That's definitely how I experience it, I consider myself ambiverted in terms of functions, though as I'm behaviorally introverted its simpler to posit as INFP.


----------



## Deftodon (Jul 27, 2013)

He wasn't talking about MBTI types though. 

You just need to read the descriptions of his pure types to know that most people are not like that, especially INxJs.


----------



## ButterflyWingsNDayDreams (May 4, 2014)

It may also be possible to be multiple types. For example, you could be bubbly and very outgoing like an ENFP, but you could also enjoy debating and sticking to your opinions like an ENTP. There are so many subcategories within these types, no two people are alike. Just 16 personalities for over 7 billion people? I don't think so. I just think it's easier to look at it in a limited amount of categories.


----------



## Entropic (Jun 15, 2012)

ButterflyWingsNDayDreams said:


> It may also be possible to be multiple types. For example, you could be bubbly and very outgoing like an ENFP, but you could also enjoy debating and sticking to your opinions like an ENTP. There are so many subcategories within these types, no two people are alike. Just 16 personalities for over 7 billion people? I don't think so. I just think it's easier to look at it in a limited amount of categories.

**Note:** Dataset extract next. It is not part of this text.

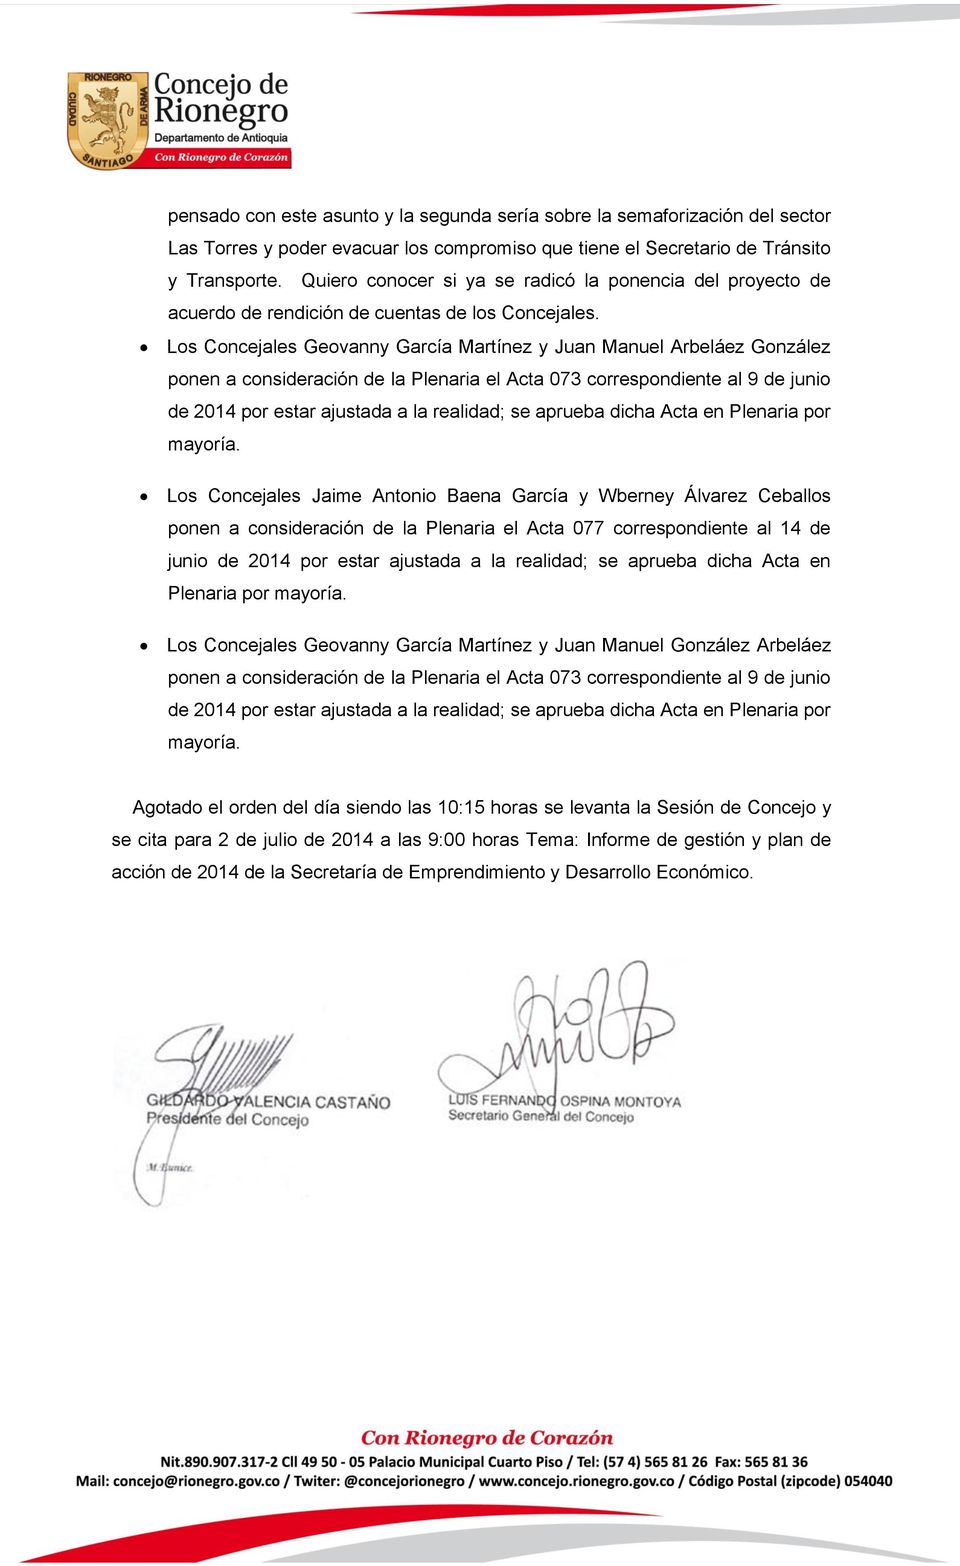 Los Concejales Geovanny García Martínez y Juan Manuel Arbeláez González ponen a consideración de la Plenaria el Acta 073 correspondiente al 9 de junio de 2014 por estar ajustada a la realidad; se

I'm sorry but this is a vast simplification of the actual theory. That's not how it works in my opinion. If we can just change type on the fly there is no point in having discreet categories in the first place.


----------



## ButterflyWingsNDayDreams (May 4, 2014)

ephemereality said:


> I'm sorry but this is a vast simplification of the actual theory. That's not how it works in my opinion. If we can just change type on the fly there is no point in having discreet categories in the first place.

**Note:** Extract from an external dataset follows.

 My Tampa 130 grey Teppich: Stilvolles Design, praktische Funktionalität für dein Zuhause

Do you not agree that people can be multiple types? Do you really think that EVERYONE fits into just one type? Or are you implying that you don't like the way I've introduced this idea


----------



## Mutant Hive Queen (Oct 29, 2013)

ephemereality said:


> 1. Differentation matters in the sense that the ego consciously indulges in the perspective, which in itself does not really suggest potential. It is more about obvious expression really. How likely are they to express such a perspective, indulge in it, live in it? I can PM you with examples of members on this site who I think are well-differentiated.


I would actually like this PM as well. (Plus maybe a quick thought on where I stand if I'm not on the differentiated list. XD)

Meanwhile, though. this actually leads me to another question for you (because I'm curious about your opinion, honestly):

Is the degree of differentiation one has capable of changing, you think? As (for example) a previously strong thinker starts to overload analyzing things logically and begins to rely more on personal preferences and values to pick up the slack?


----------